Confirming earlier work5,6, the movement was characterized by irregular, jerky movement events, best visible in the velocity and acceleration traces (Fig. 4D). The movements measured 1 mm from the pivot point did not display absolute stick phases (i.e. zero velocity, Fig. 4D), which is expected given the high elasticity of the whisker (points on the shaft may move forward even in case of total arrest of the whisker tip). As the whisker tip was not accessible in our videographic data, we resorted to a pragmatic definition of stick-slip events (which we call slips here): We defined slip events as short events exceeding 2*SD of whisker acceleration as measured in air (a condition of no contact, and thus no slip) (Fig. 4D, acceleration trace). From the resulting slips we measured the peak slip velocity (sv) and acceleration (sa) and their rate (sr). Further, intensity (i) was calculated as mean speed and frequency (f) as the frequency carrying maximum spectral power.
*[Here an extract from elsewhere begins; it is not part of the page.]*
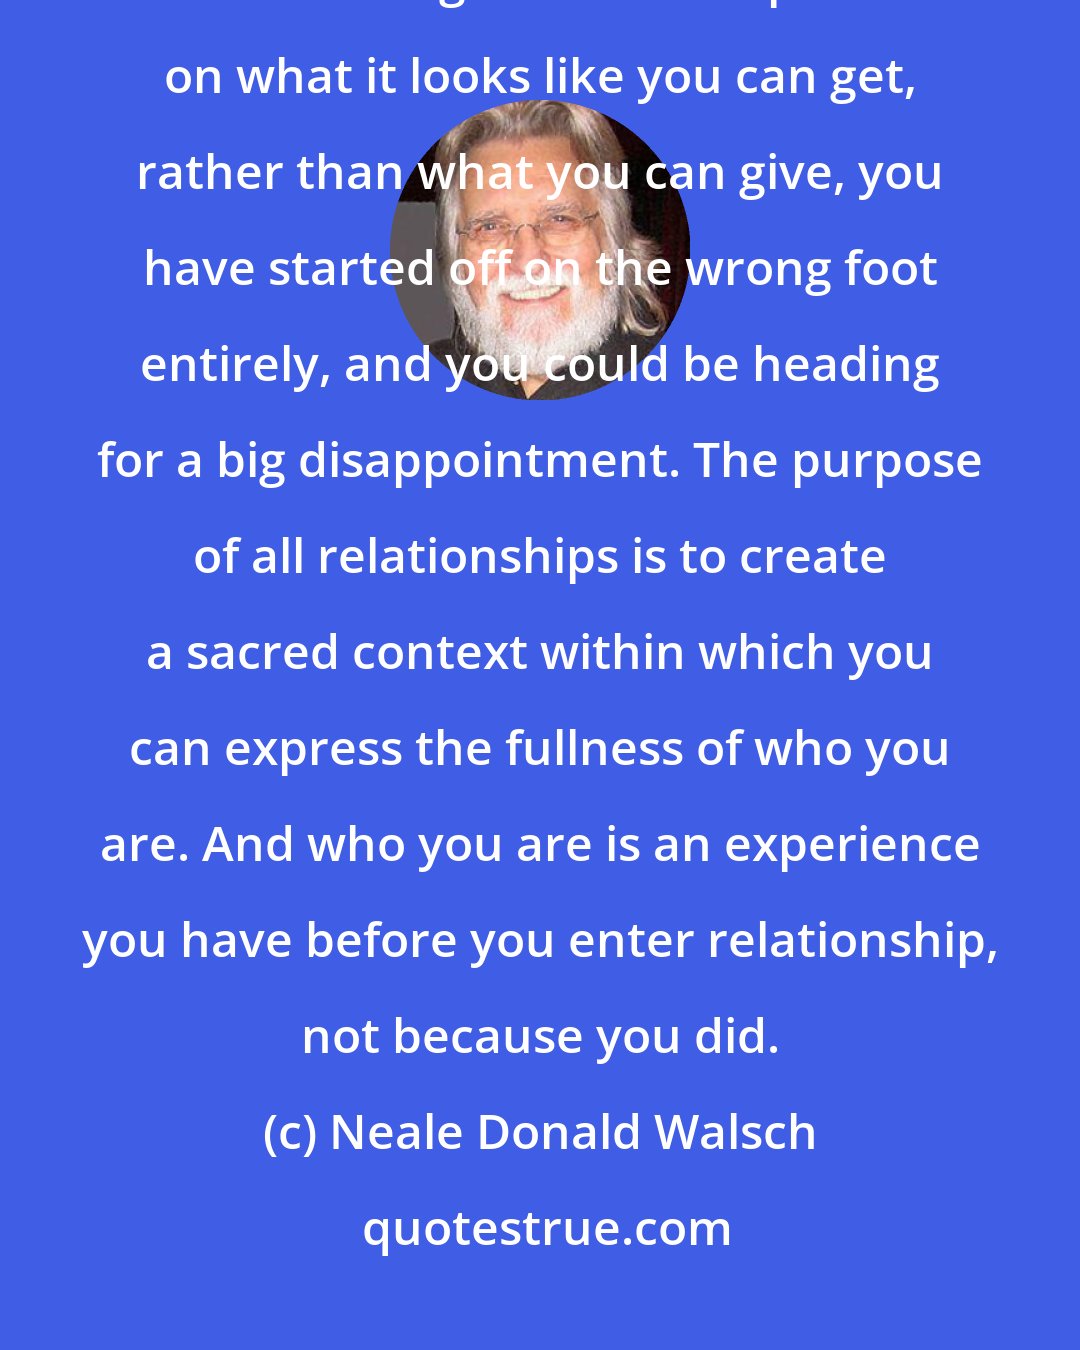 Neale Donald Walsch: The purpose of relationship may not be what you think. If you are excited about forming a relationship based on what it looks like you can get, rather than what you can give, you have started off on the wrong foot entirely, and you could be heading for a big disappointment. The purpose of all relationships is to create a sacred context within which you can express the fullness of who you are. And who you are is an experience you have before you enter relationship, not because you did.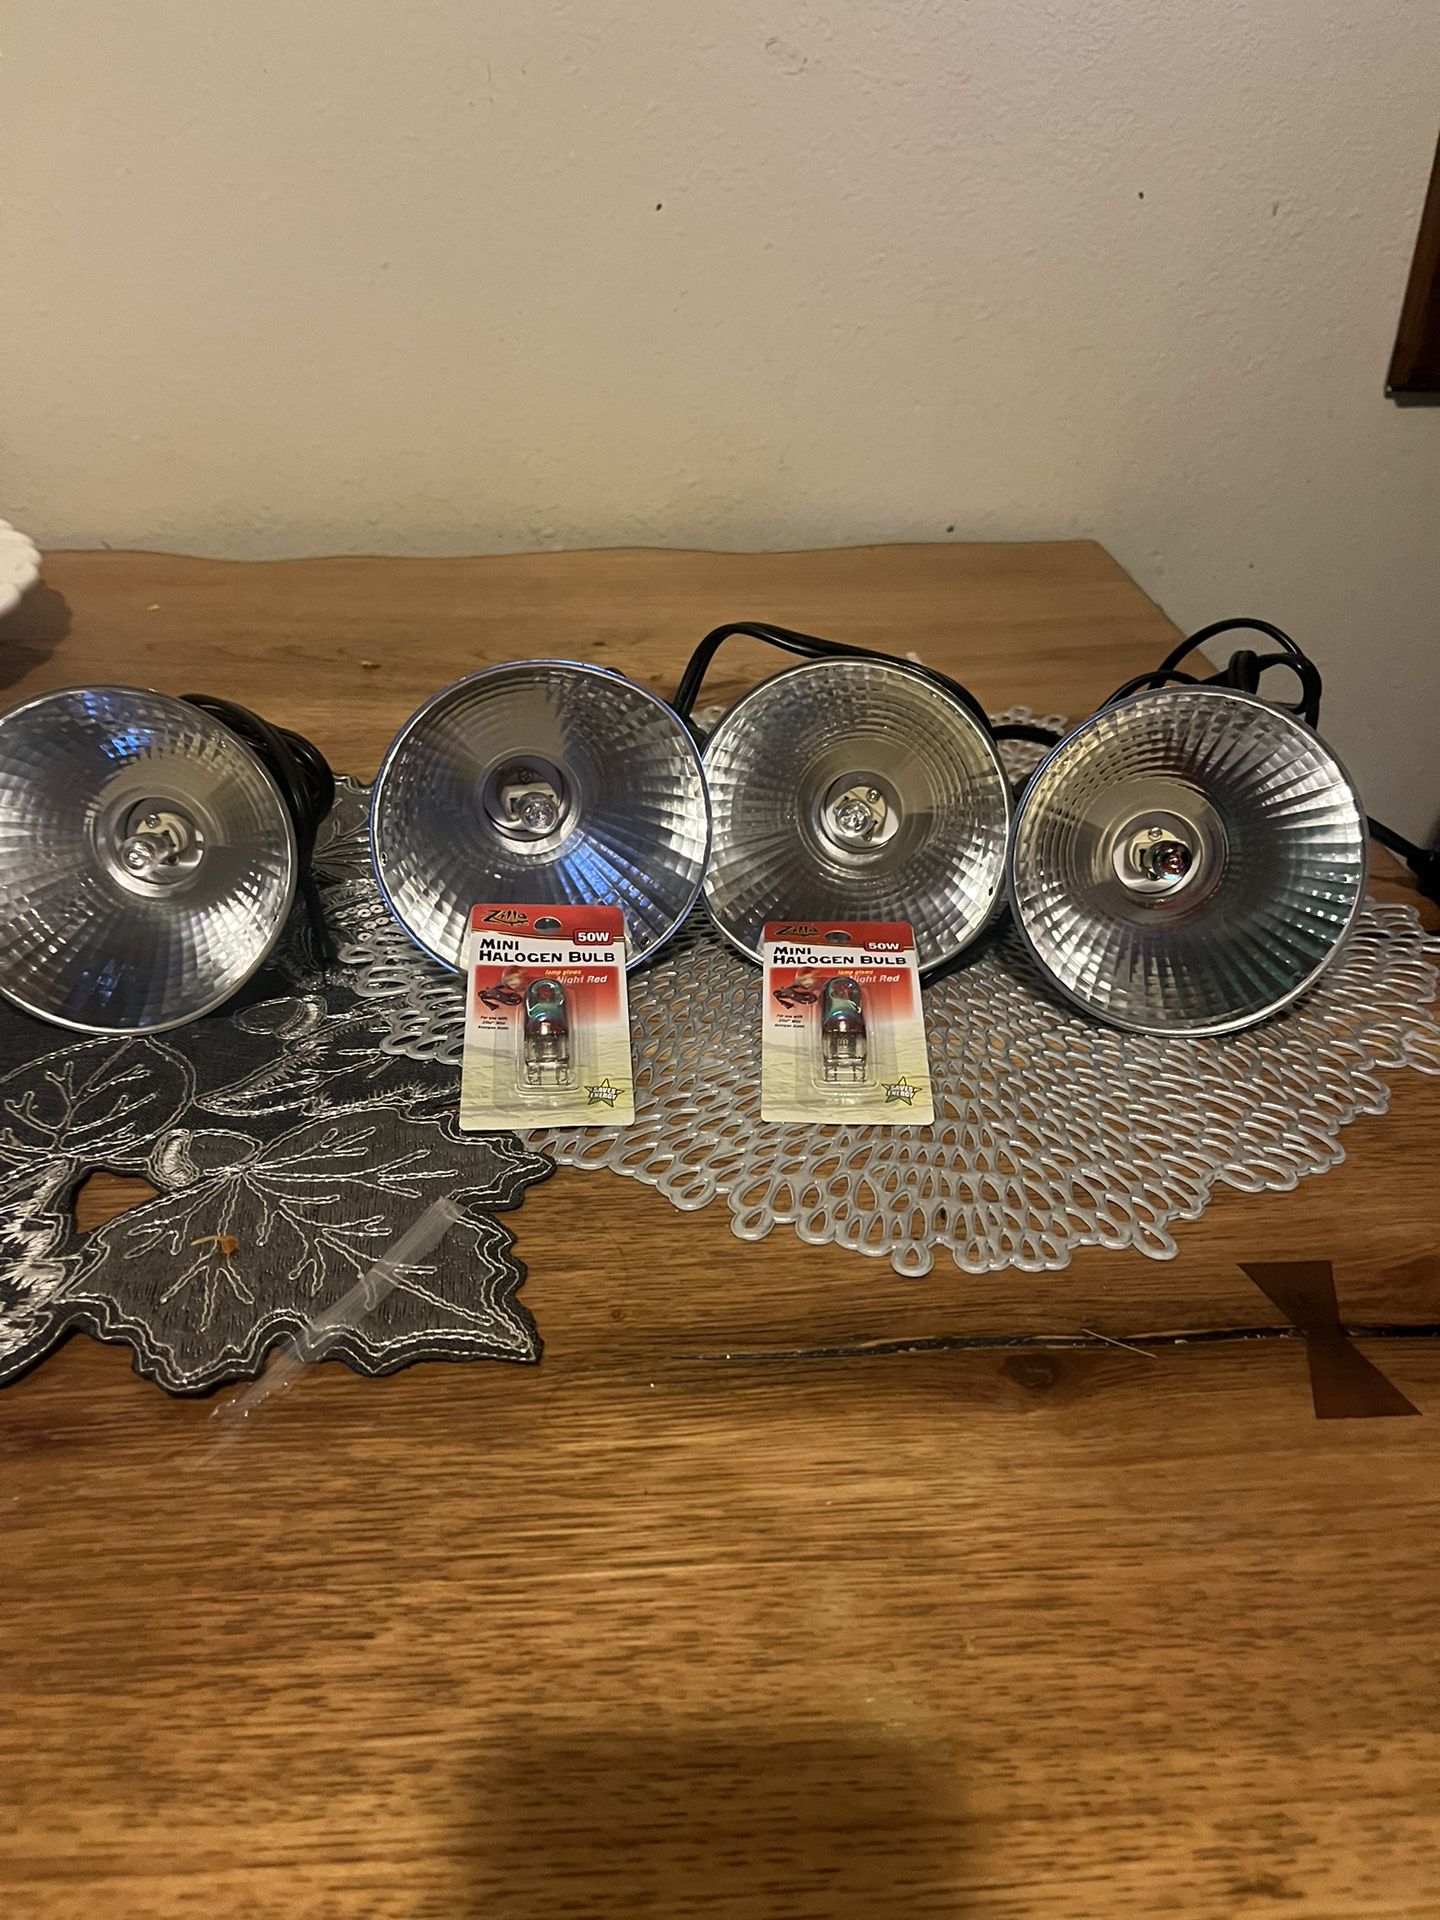  Heating Lamps

The definition of these parameters was chosen such that they would represent either local or global aspects of whisker vibration in the time domain. The local nature of sa is given by the fact, that it can be instantly assessed from the vibration trace, without further integration or delay. Intensity, on the other hand, is global as it requires the integration (averaging) of the vibration trace within a large time interval. The definition of parameter f needs more clarification, as it has been used in different contexts using different strategies: We defined the term as the frequency that maximized the power spectrum (‘best frequency’). Defined as such, f is a truly global variable, as it must be extracted from an extended time interval. Our definition of frequency as ‘best frequency’ is motivated by earlier work17, and needs to be strictly separated from encoding strategies using richer signal aspects. For instance, the incorporating of more than one spectral element (like e.g. ref.22, a study which used the full power spectrum) into the encoding variable would surely reflect global as well as local signal aspects, see discussion).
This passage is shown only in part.